Records shown —
.....

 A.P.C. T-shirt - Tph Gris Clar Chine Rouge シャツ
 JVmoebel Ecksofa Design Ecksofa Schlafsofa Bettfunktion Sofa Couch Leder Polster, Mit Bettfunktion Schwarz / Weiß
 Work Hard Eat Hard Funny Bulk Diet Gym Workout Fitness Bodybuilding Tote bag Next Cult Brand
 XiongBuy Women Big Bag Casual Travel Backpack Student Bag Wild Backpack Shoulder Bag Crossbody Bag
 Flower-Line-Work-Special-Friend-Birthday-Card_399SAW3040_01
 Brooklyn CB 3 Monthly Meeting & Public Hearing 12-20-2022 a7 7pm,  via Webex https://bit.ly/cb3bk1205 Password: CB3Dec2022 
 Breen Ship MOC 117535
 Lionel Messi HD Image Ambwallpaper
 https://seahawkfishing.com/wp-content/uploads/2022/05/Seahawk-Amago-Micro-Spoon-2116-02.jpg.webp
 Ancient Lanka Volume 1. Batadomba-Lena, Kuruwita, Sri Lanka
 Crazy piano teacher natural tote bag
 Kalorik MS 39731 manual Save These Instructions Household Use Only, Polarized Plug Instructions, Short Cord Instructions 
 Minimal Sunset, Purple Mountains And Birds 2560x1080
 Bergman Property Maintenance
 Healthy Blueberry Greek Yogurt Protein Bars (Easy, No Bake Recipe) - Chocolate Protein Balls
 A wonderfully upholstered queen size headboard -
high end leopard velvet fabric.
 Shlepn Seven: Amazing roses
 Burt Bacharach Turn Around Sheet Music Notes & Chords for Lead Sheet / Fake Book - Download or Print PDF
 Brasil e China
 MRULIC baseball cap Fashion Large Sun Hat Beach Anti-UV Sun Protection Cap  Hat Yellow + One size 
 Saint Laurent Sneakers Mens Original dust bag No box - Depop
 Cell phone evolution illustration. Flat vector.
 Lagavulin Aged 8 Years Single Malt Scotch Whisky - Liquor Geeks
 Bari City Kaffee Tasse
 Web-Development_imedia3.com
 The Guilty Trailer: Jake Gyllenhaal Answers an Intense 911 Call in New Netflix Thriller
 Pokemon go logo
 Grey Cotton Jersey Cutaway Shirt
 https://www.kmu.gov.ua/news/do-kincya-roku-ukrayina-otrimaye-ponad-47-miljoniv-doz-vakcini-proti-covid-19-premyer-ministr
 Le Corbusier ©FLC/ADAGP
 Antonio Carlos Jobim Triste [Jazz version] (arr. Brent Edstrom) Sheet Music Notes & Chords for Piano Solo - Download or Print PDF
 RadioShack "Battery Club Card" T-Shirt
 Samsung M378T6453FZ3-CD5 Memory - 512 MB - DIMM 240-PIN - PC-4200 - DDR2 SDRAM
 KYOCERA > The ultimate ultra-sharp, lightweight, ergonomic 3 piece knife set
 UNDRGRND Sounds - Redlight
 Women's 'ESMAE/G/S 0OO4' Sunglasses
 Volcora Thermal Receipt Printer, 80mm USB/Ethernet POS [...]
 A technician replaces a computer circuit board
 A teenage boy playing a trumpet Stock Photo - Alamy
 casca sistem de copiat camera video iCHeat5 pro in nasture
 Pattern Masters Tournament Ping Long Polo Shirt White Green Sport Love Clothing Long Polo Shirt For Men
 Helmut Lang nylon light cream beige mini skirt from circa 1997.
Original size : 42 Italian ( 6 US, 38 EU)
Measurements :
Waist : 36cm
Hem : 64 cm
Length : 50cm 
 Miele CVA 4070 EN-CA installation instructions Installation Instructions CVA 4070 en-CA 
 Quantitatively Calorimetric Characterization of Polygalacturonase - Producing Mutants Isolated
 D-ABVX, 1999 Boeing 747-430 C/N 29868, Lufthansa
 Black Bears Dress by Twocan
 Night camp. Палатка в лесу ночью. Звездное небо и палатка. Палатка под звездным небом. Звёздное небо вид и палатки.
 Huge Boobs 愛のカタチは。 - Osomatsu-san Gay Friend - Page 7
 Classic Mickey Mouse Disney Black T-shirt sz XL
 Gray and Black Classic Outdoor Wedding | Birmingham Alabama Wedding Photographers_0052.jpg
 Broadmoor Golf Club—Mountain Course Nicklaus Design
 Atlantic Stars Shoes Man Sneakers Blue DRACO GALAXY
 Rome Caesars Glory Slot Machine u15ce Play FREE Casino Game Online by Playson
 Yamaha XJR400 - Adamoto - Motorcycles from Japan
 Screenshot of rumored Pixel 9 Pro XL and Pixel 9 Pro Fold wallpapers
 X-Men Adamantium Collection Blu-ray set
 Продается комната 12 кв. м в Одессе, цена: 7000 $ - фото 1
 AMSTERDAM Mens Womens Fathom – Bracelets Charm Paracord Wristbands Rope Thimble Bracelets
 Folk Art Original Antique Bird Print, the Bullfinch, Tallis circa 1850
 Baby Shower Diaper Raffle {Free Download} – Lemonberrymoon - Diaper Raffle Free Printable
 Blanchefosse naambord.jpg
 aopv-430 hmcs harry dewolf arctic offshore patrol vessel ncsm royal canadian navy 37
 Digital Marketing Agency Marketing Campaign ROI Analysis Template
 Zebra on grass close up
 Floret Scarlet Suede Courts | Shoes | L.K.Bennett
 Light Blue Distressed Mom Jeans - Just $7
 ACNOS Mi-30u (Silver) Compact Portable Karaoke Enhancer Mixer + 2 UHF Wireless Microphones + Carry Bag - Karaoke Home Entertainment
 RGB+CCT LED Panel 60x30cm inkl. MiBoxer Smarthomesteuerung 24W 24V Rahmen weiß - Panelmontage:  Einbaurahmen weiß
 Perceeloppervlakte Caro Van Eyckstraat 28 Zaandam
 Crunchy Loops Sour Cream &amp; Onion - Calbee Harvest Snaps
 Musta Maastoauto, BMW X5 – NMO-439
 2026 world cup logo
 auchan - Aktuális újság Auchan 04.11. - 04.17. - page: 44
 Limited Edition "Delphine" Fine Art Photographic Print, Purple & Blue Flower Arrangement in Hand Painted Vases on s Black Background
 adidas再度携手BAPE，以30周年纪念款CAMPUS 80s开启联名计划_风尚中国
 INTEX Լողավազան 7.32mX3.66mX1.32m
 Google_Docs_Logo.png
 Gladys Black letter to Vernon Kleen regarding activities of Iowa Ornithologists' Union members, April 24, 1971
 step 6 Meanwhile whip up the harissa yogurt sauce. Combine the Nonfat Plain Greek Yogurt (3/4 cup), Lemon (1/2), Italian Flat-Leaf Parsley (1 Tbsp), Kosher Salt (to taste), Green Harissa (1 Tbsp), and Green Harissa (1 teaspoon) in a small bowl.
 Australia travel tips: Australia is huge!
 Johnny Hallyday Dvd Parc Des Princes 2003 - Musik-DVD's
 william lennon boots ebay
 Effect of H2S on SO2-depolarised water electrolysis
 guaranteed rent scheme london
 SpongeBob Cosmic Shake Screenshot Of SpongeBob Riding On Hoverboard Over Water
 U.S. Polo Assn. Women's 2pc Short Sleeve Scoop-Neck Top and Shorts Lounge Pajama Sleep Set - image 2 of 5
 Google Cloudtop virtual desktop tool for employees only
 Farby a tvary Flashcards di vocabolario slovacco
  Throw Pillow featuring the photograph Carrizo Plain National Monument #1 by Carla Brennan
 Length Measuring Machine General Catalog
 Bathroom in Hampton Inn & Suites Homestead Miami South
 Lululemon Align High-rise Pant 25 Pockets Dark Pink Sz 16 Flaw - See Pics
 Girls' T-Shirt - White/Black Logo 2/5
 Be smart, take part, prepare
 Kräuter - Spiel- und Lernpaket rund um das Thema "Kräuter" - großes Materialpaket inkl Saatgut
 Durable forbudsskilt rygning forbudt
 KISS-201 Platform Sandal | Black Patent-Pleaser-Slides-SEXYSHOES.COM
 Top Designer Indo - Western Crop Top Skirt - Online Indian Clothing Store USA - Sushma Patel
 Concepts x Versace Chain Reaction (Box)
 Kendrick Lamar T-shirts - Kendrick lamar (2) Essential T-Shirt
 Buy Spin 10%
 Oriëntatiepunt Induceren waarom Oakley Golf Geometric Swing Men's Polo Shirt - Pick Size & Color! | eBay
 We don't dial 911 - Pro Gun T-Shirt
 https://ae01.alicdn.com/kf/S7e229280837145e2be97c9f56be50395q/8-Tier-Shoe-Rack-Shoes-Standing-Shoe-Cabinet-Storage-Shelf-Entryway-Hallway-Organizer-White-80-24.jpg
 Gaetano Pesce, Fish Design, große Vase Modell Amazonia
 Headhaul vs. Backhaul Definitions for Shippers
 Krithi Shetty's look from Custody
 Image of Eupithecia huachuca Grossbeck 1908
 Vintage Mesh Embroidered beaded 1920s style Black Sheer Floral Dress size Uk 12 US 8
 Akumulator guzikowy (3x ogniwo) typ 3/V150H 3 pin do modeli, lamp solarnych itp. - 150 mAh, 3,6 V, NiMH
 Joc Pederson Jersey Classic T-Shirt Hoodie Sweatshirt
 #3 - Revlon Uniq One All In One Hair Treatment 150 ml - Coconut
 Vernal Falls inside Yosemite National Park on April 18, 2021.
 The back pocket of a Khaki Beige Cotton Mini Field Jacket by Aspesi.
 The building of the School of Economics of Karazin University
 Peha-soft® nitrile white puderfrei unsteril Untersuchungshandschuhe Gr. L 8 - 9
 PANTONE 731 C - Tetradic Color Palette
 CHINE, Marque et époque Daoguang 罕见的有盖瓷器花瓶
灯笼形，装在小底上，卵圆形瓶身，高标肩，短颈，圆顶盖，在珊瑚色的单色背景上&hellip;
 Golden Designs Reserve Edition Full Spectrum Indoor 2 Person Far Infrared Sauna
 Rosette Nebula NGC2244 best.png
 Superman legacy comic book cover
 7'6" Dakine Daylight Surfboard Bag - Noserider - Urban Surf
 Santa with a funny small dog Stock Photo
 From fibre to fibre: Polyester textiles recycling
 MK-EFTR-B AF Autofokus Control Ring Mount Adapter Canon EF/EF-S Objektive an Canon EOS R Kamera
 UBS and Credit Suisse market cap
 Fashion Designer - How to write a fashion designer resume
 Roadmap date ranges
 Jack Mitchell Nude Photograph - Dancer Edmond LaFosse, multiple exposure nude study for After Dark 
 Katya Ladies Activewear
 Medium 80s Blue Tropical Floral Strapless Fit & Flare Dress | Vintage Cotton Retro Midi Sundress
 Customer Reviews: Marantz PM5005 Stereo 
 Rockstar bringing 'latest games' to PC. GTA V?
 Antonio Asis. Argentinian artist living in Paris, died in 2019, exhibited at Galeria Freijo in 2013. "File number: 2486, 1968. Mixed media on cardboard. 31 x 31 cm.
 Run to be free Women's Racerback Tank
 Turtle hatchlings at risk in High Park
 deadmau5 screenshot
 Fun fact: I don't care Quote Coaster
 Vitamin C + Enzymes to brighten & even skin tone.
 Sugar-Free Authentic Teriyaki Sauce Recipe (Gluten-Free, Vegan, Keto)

.....

What is needed —
Scan the records above for the string "Cotton", then copy each line where it turns up.

Response —
 Grey Cotton Jersey Cutaway Shirt
 The back pocket of a Khaki Beige Cotton Mini Field Jacket by Aspesi.
 Medium 80s Blue Tropical Floral Strapless Fit & Flare Dress | Vintage Cotton Retro Midi Sundress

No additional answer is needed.